(i) Why do we have to simplify the numerator and denominator, and not just substitute the standard part st(c) right away since it is given as 4.
(ii) Also what does this mean (more specifically, what is the idea behind the bold part):
However, since c $\neq$ 4 the fraction is defined, and it can be simplified by factoring the numerator and denominator
(i) If you try to apply standard part rules directly you run into erroneous equations. For example, if you distribute the standard part map over the fraction you get $$ st\big(\frac{c^{2}+2c-24}{c^{2}-16}\big)=\frac{st(c^{2}+2c-24)}{st(c^{2}-16)}\tag{1} $$ Or maybe you try to do all possible distributions at once and get $$ st\big(\frac{c^{2}+2c-24}{c^{2}-16}\big)=\frac{st(c)^{2}+2st(c)-24}{st(c)^{2}-16}\tag{2} $$ But since $st(c)=4$, we get zero in the denominators of right side in both (1) and (2). So this doesn't make sense and the approach fails.
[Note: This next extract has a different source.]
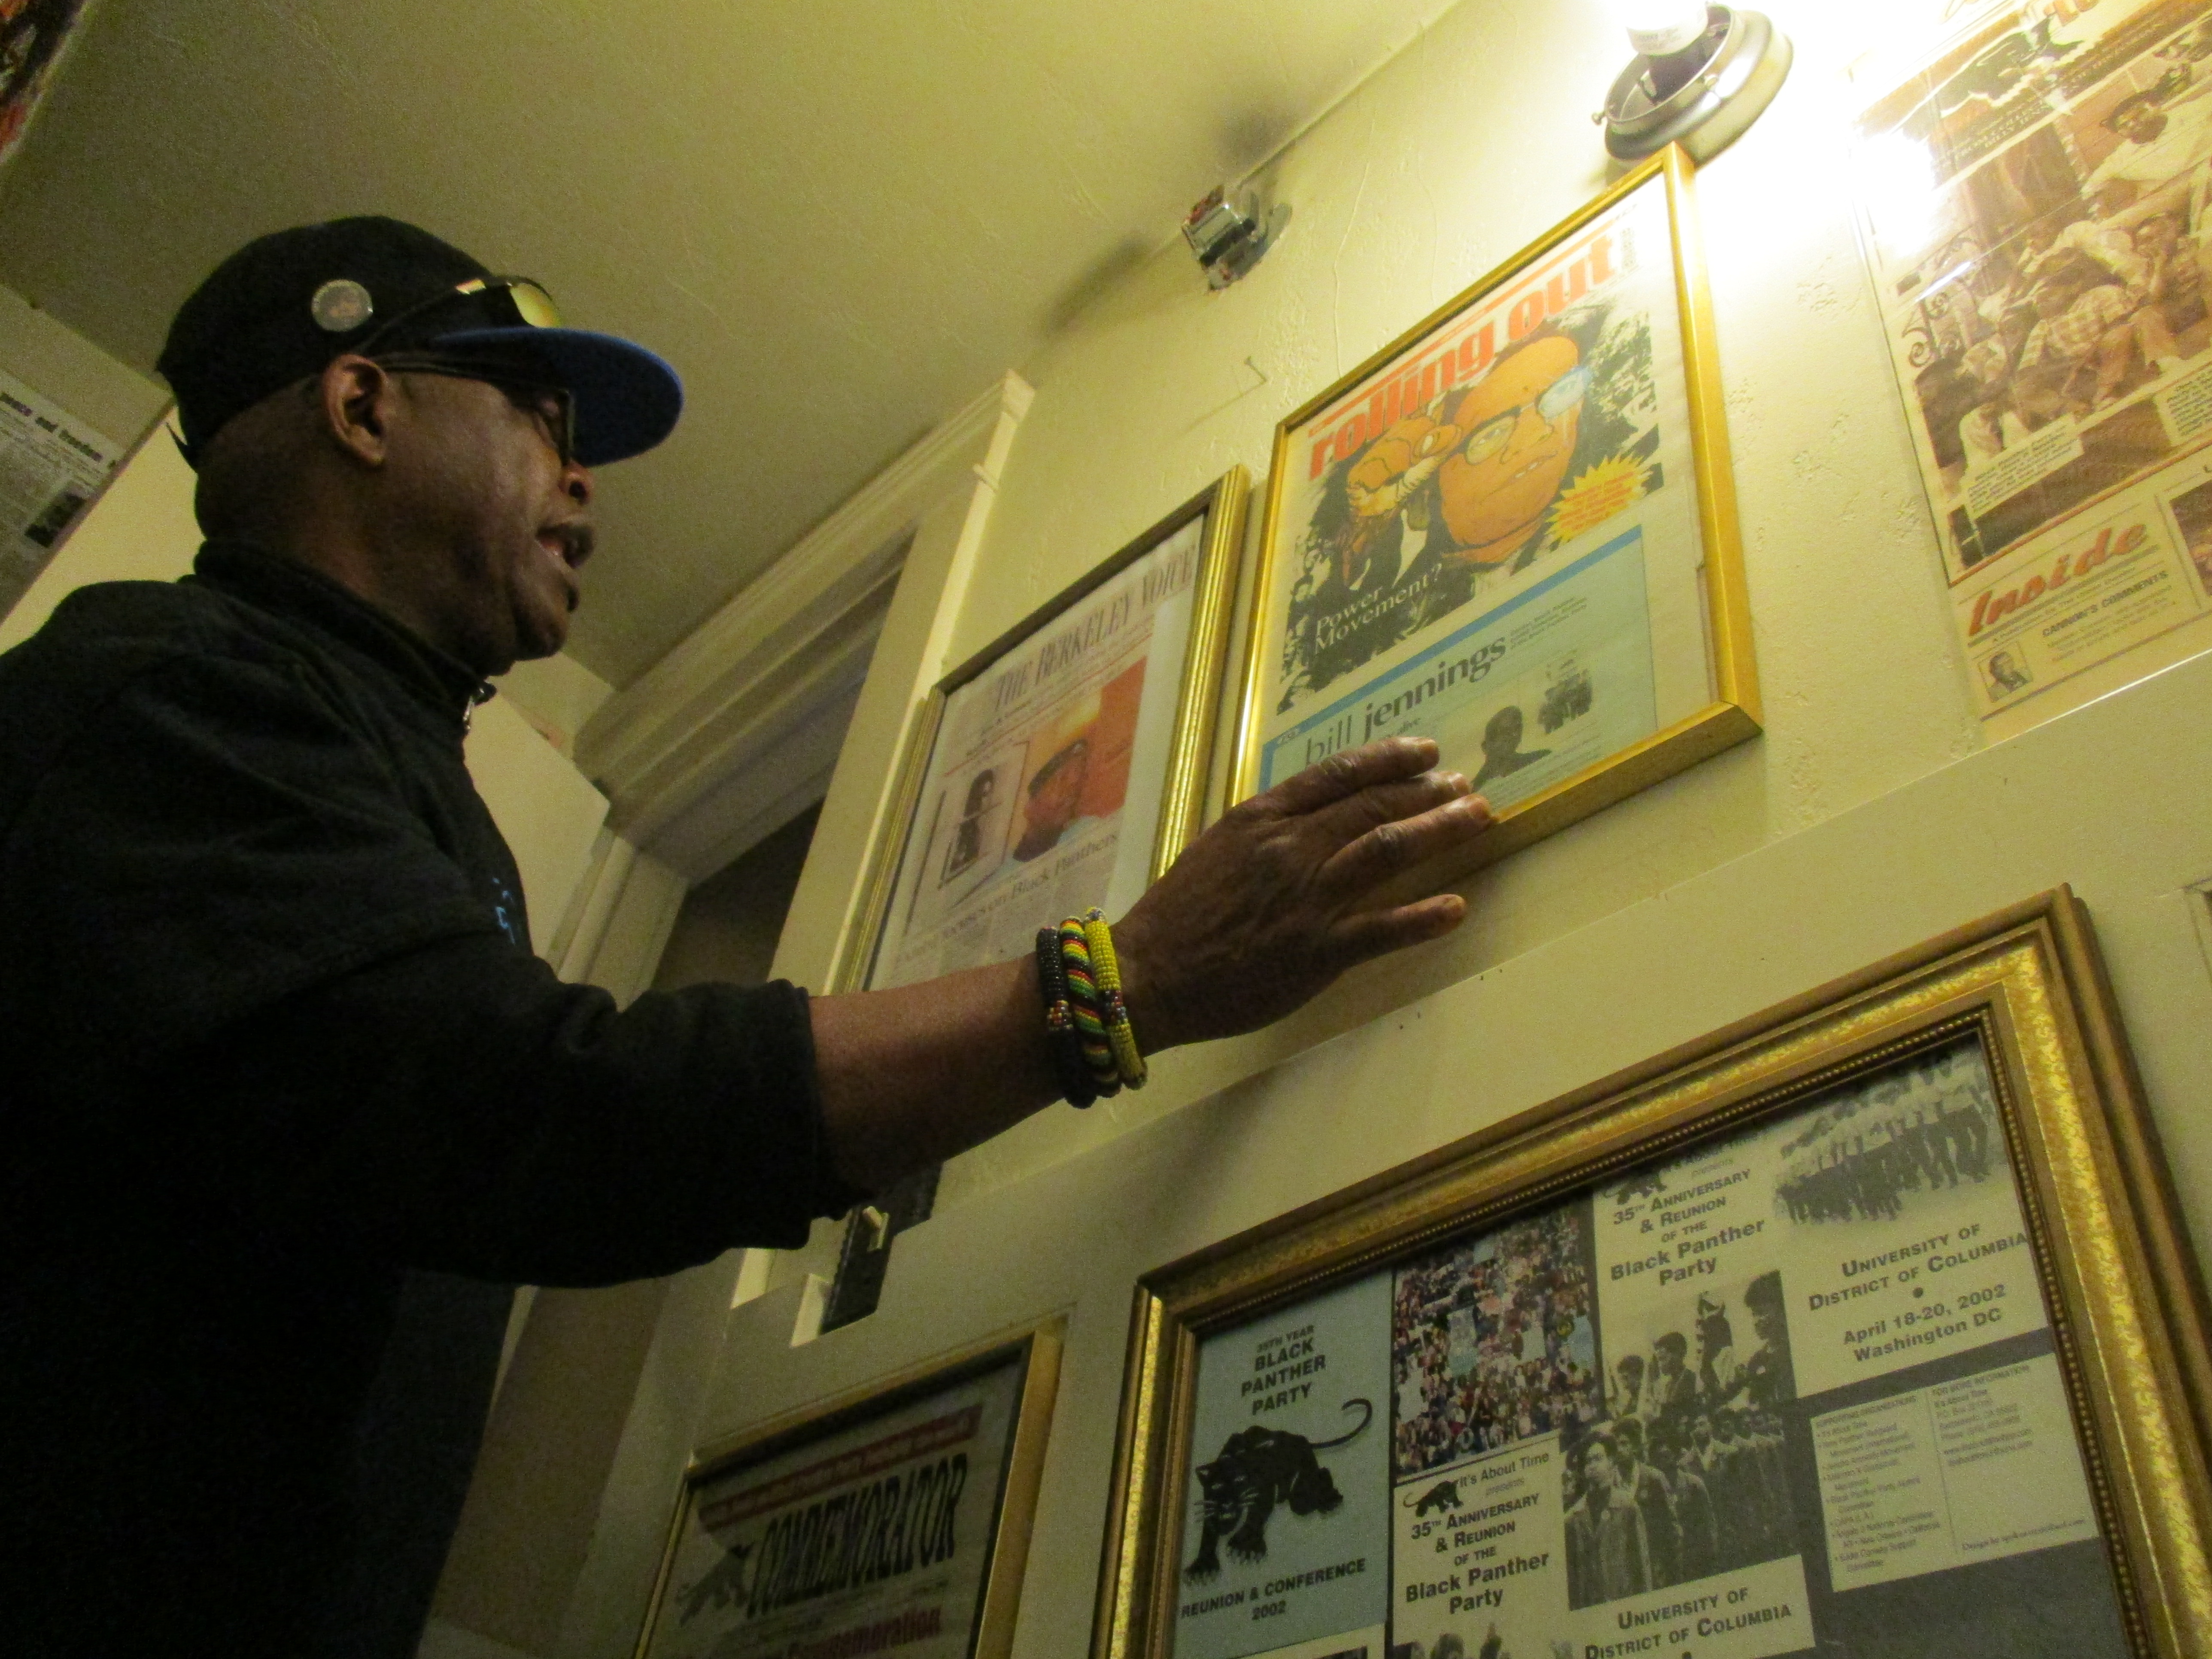 The walls of Billy X Jennings home are covered with Black Panther memorabilia.

(ii) On the other hand, since $c^{2}\neq 16$, the nonstandard fraction $$ \frac{c^{2}+2c-24}{c^{2}-16}\tag{3} $$ is a well-defined nonstandard number. This what they mean by saying the fraction is defined. They go on to simplify $(3)$ to $$ \frac{c+6}{c+4}\tag{4} $$ Now the "direct approach" to evaluating the standard part (that we tried and failed to do in (i)) will work because the standard part of the denominator in $(4)$ is nonzero.
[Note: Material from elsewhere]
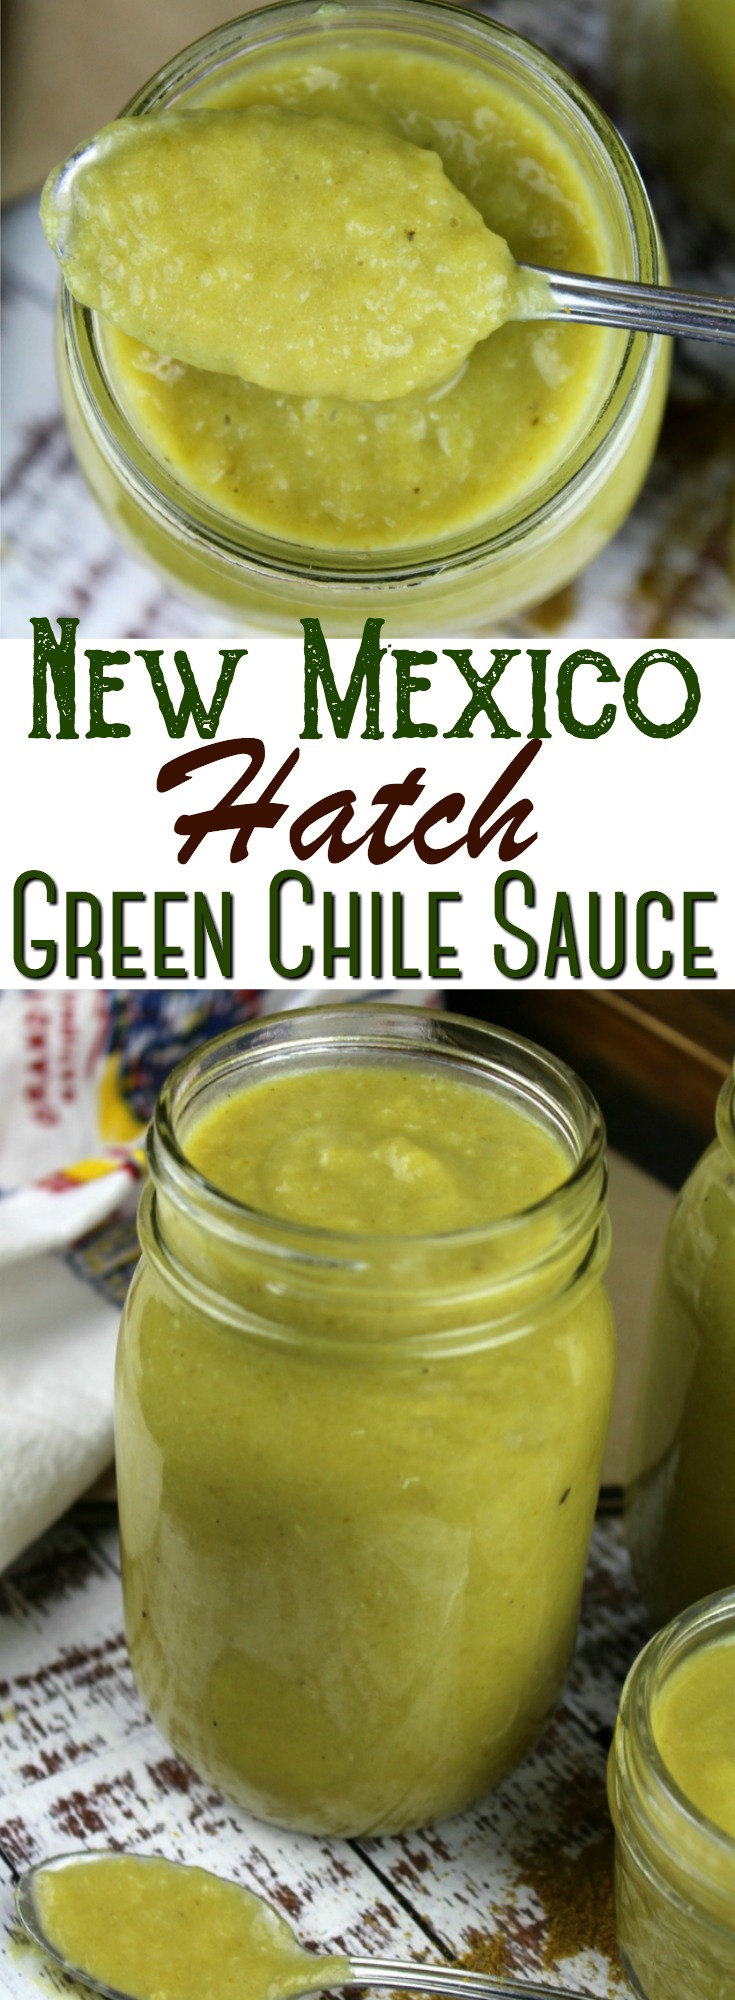 Bring a taste of New Mexico to your table with this traditional Hatch green chile sauce! It's incredible on burritos and enchiladas, smothered on eggs or over meat and potatoes at lunch or dinner. #Hatchchile #NewMexico #greenchile #enchiladasauce

An analogy: You can liken this to certain limits in which one gets rid of $\frac{0}{0}$ by canceling common factors. For example consider $$ \lim_{x\to 4} \frac{x^{2}+2x-24}{x^{2}-16} $$ If you try to "plug in $4$" you get $\frac{0}{0}$. This is the analogy of the failed attempt in (i).
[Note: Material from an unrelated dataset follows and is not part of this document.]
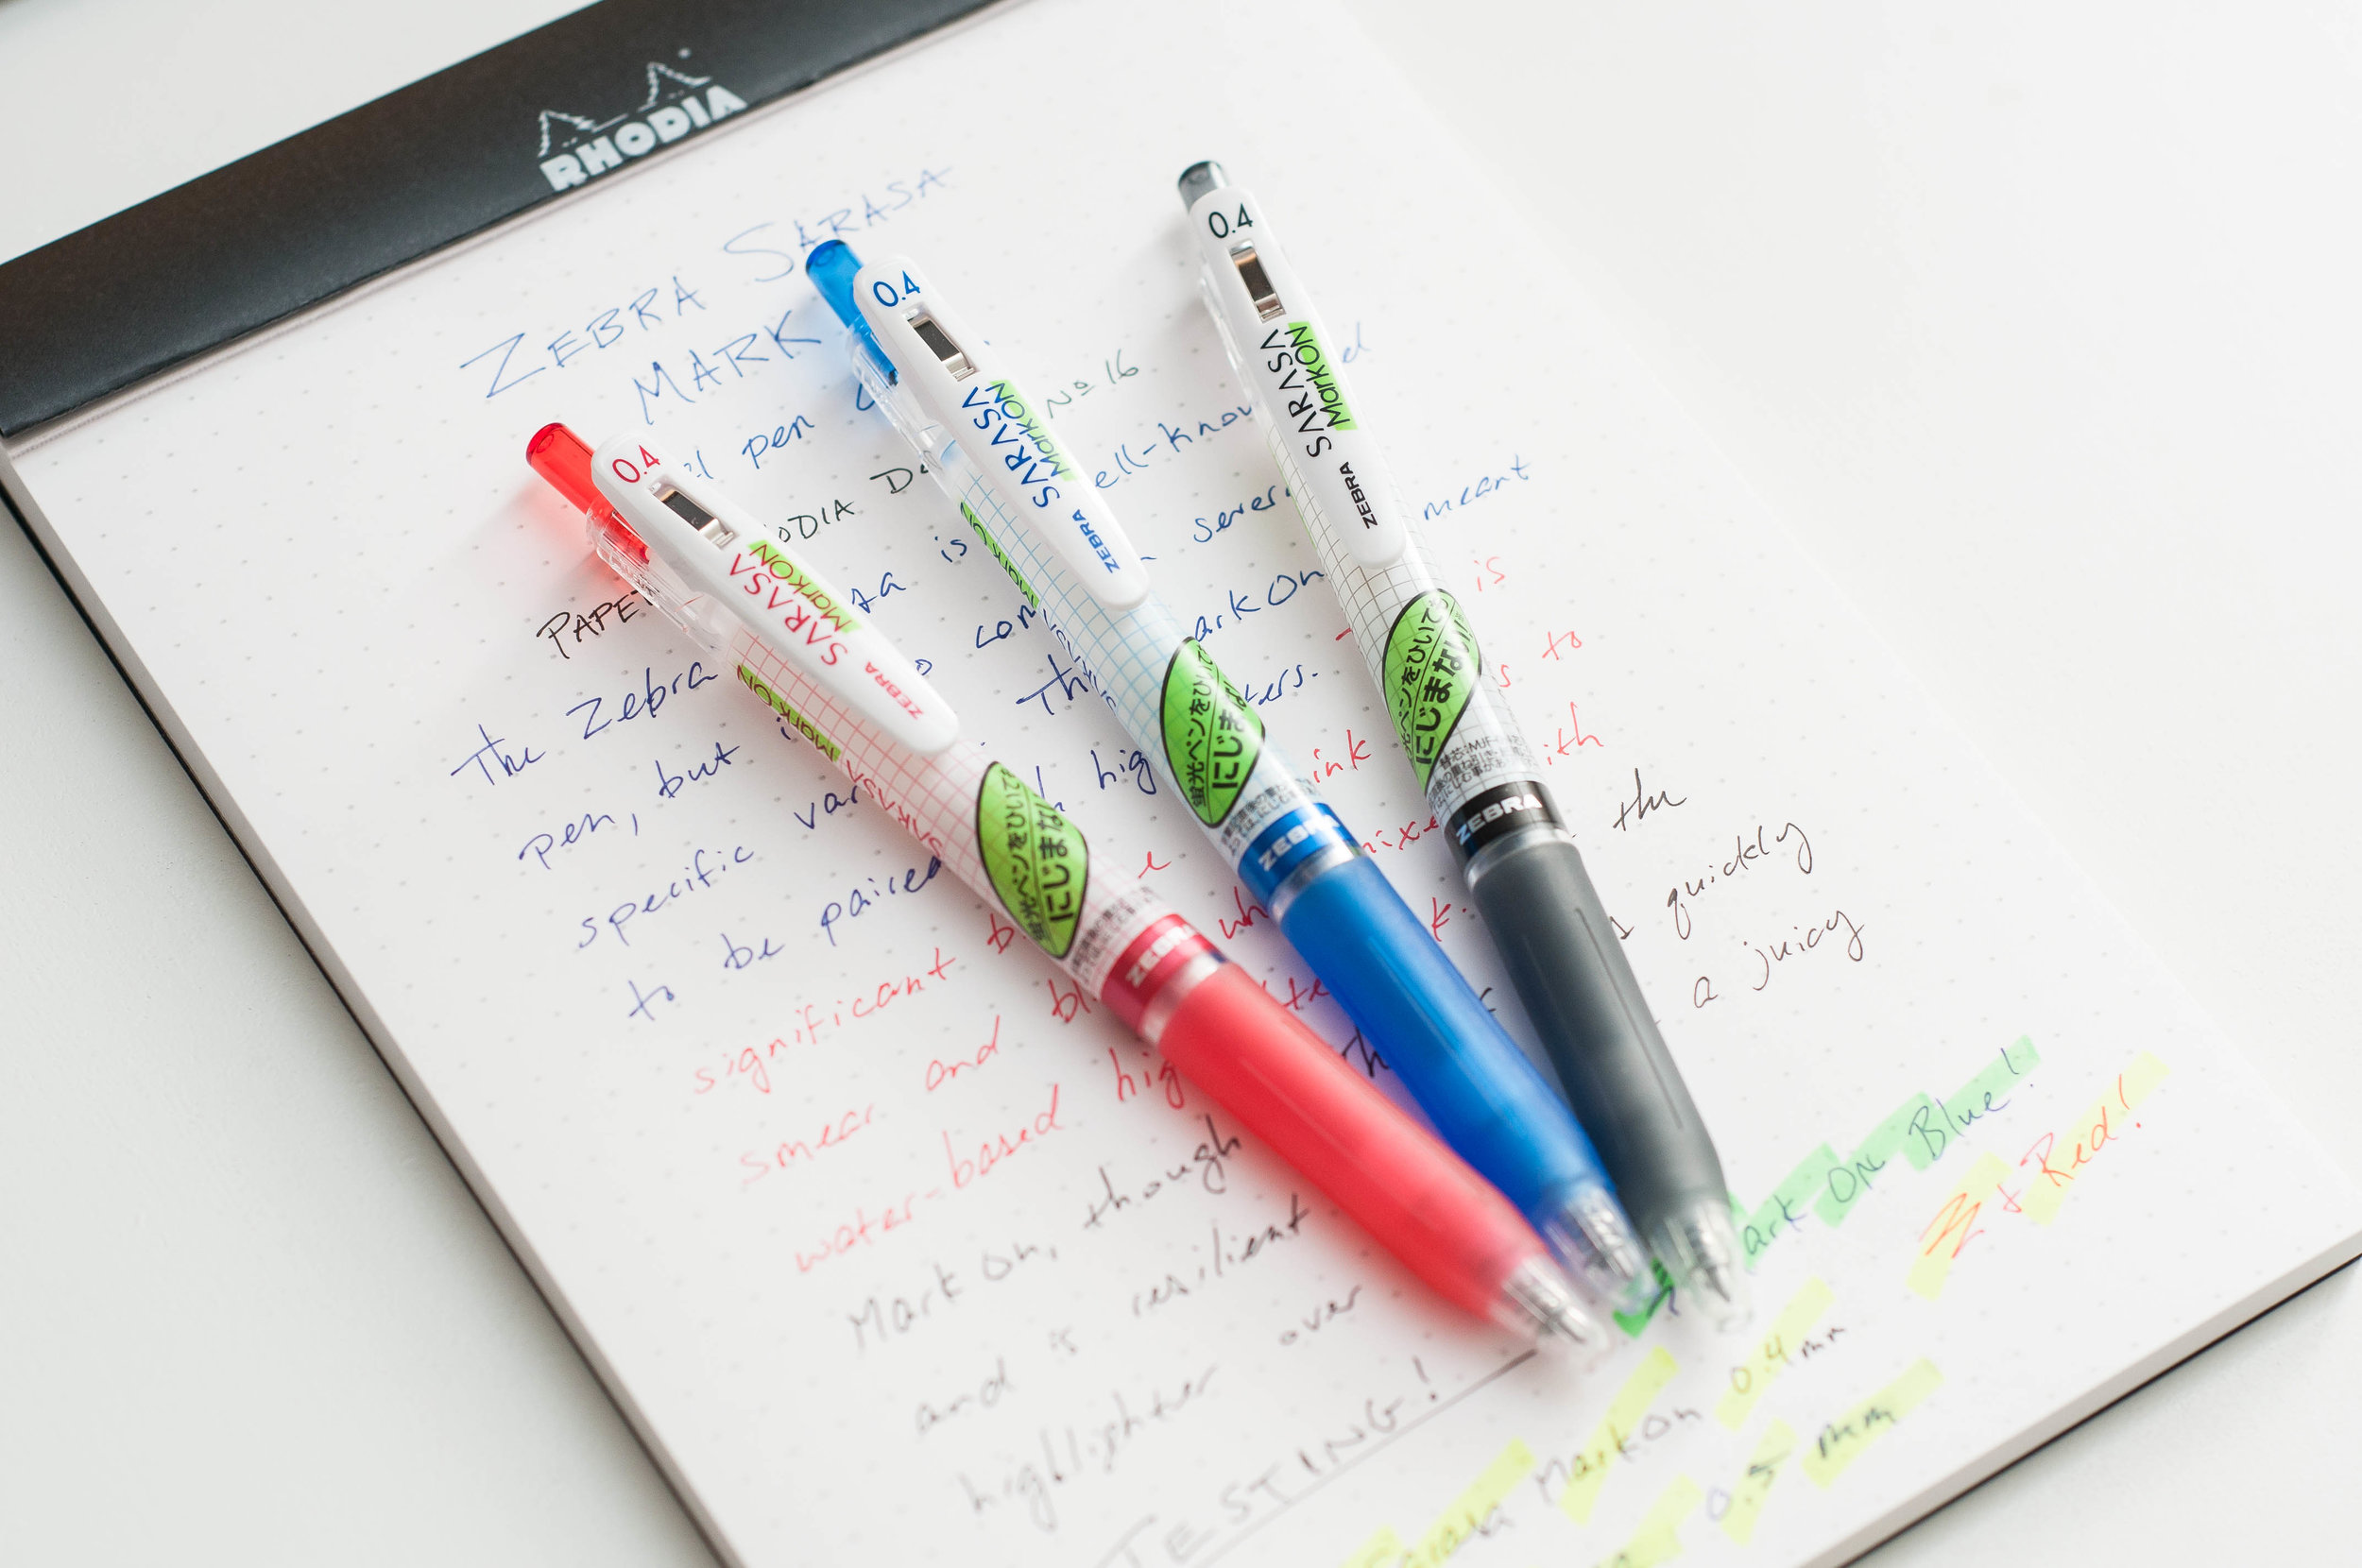 9 of the Best Pens for Note Taking – Ink+Volt

On the other hand we can factor and simplify: $$ \lim_{x\to 4}\frac{x^{2}+2x-24}{x^{2}-16} = \lim_{x\to 4}\frac{(x+6)(x-4)}{(x+4)(x-4)} = \lim_{x\to 4}\frac{x+6}{x+4}=\frac{10}{8}. $$ In the last step, plugging in $4$ causes no problems. This is the analogy of the successful approach in (ii).